The downsides to the new system are quite evident. With direct Bing queries, no matter how weird the search is you’ll get results and you can do some cool bias comparisons within the app for practically any topic. With the new system, I am now limited to the data I’m collecting. This’ll get better over time as I collect more data but the user experience is objectively worse. To combat this, I added “seed” data. When I automatically insert a topic, my code will automagically search for material online if I don’t have enough content, which can be up to 13 Bing API calls for a topic, or about $.08. This is working quite well for popular topics, but the more lesser known topics people search for the less sense it makes for me to add seed data, and the less useful the app becomes compared to before.

Speed and Automation

With my robust RSS reader in place, I run it about every hour and parse about 120 RSS feeds. It takes under a second to parse a feed and save the news items to my database, and under a minute to parse all 120 sources I have. Even so I don’t want to run it more than once an hour as I want my impact of reading these feeds to be super low. My built in Linux RSS reader checks the feeds every 30 minutes, so I decided on half as often as a normal reader to be safe.
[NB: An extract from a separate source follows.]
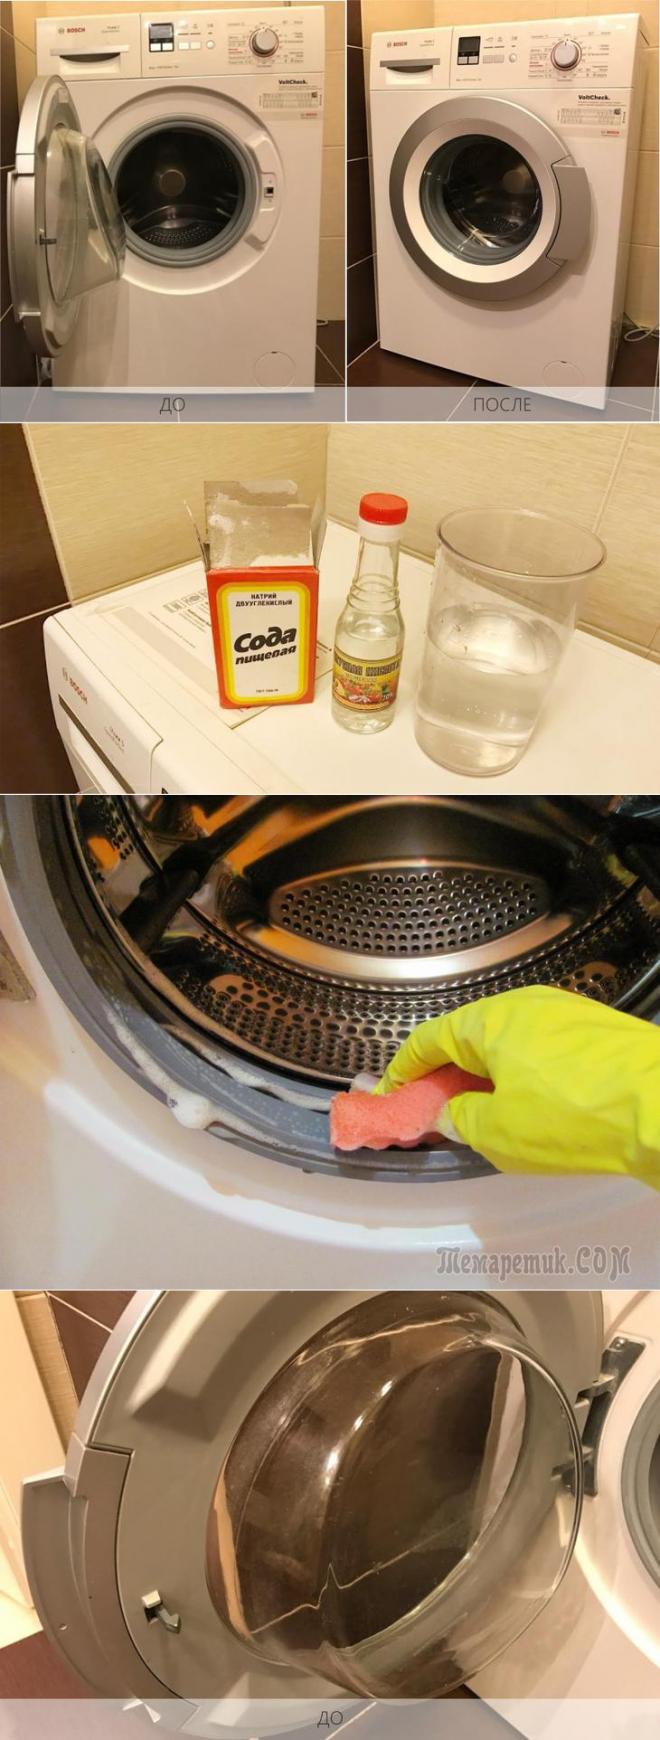 Как очистить стиральную машинку автомат от накипи лимонной кислотой

To make the queries as fast as possible, all the popular topics are periodically indexed in a many-to-many database table. Any time new news items are added, they are checked to see if they match any topic key words and then added to the index. This makes the most common search terms super fast. The less-common search terms still do a full text search of the title and description, however my testing shows these mysql full text searches when filtered by sources and bias are still super fast. I will see how much that slows down as the database expands.

Conclusion

My first take away is that RSS feeds are awesome and it’s a shame they’re dying. I fully intend on using them more. My Linux laptop has abuilt in RSS reader called Akregator that’s been working great. I get the headlines and sometimes full stories without any loading pages, clicks, ads, weirdly formatted websites, popups asking me to subscribe, and other annoying stuff. Second take away is I should probably try harder to engineer things correctly the first time and not retroactively improve it. I kind of ruined the release of the app by shutting it down after 6 hours the first time. My last take away is just how profoundly disappointing some of these “news” outlets are. I found myself alternating between “man this is wack, this is great bias for my app” and “I just cannot believe some people consume this as news”. It can be quite depressing to see the content at the extremes. Maybe this app will help someone at least realize what is not news.